Forum OpenACS Q&A: Re: PostgreSQL data disappeared

Collapse
Posted by Patrick Giagnocavo on
These are my suggestions:

(Needless to say, make a full backup of all files if doing any file or db modifications.)

First, check the $PGHOME/data/base directory.  Do an 'ls' - perhaps the data is still there, just not accessible at this point in time.

If I recall correctly, each database has its own subdirectory under data/base .  The numbered directories are the OID of the database, I think.

One way (may take a while if you have a lot of data loaded) is to use grep(for text files) and the "od -a" or "strings" command (for binary files) to look through the various database files provided they still exist.

If you know a word or phrase that could only be in the database that is missing, grep through the various files there and see if you get a match.

Second, if the databases are present, but simply not recognized, the information may still be in the system catalog but messed up somehow.

Use pg_dump to dump out the information in text form and look at what there is.  Perhaps you can decipher a way to clean up the system catalog and get things working again.  No doubt the experts on the postgresql mailing lists will be able to assist.

The next question concerns your OS.  I assume you are running Linux - check your kernel version and OS for updates.  I know that I was bitten by a very bad bug in a now-obsolete distribution - the "bdflush" daemon that calls fsync() every 30 seconds was not running when the machine was booted, so changes I made would be recorded in the disk cache in RAM, but never actually written to the drive.

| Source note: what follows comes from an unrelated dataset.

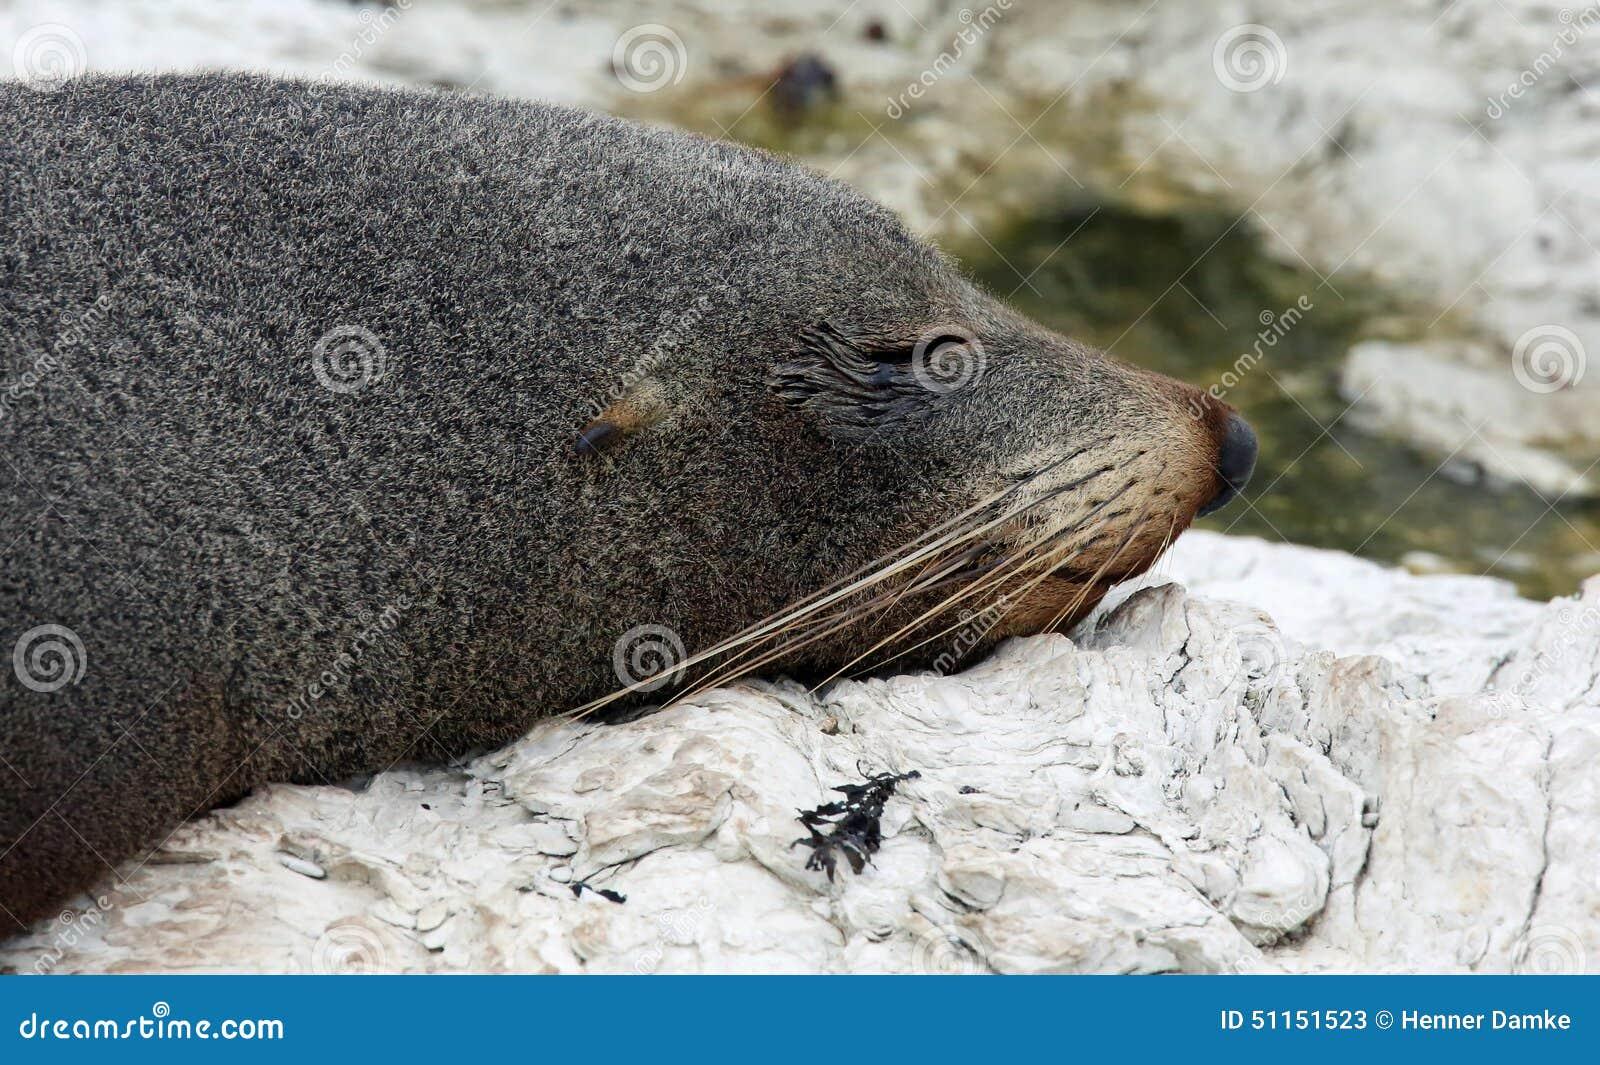 New Zealand Fur Seal near Kaikoura (New Zealand)

You may want to look through the "messages" log file and other logs in search of clues as to why this happened.  Usually the previous kernel messages from the next-to-last boot are recorded.

Finally, you should test your hardware, now that you know that it has failed.  The usual test is to compile a kernel, since it stresses the disk , CPU and memory subsystems.

Another alternative that has worked well for me is the Mersenne prime number detector, which heavily stresses CPU and memory subsystem - see mersenne.org and read up on the torture test setting.

Best of luck!

Collapse
Posted by Jarkko Laine on
Patrick,

There is three subdirs in base directory, of which, I think, two first are template0 and 1 and the last one the only real database left. So it seems that two databases are totally lost from the data directory. Fortunately they were just test servers.

What's more unfortunate, dumping the only database gives just the database creation phase, so it seems to have forgotten that there's been any new data after that.

I'll get into the OS and hardware stuff later, now I have to clean my room and fly back home for Xmas.

I was so pissed of for all of this that I hacked the nightly PostgreSQL backup script to use scp instead of ftp. It seems you have to first lose three months worth of blog entries before you really get the important things done. I'll share the script on Next Steps page as soon as I can see it working.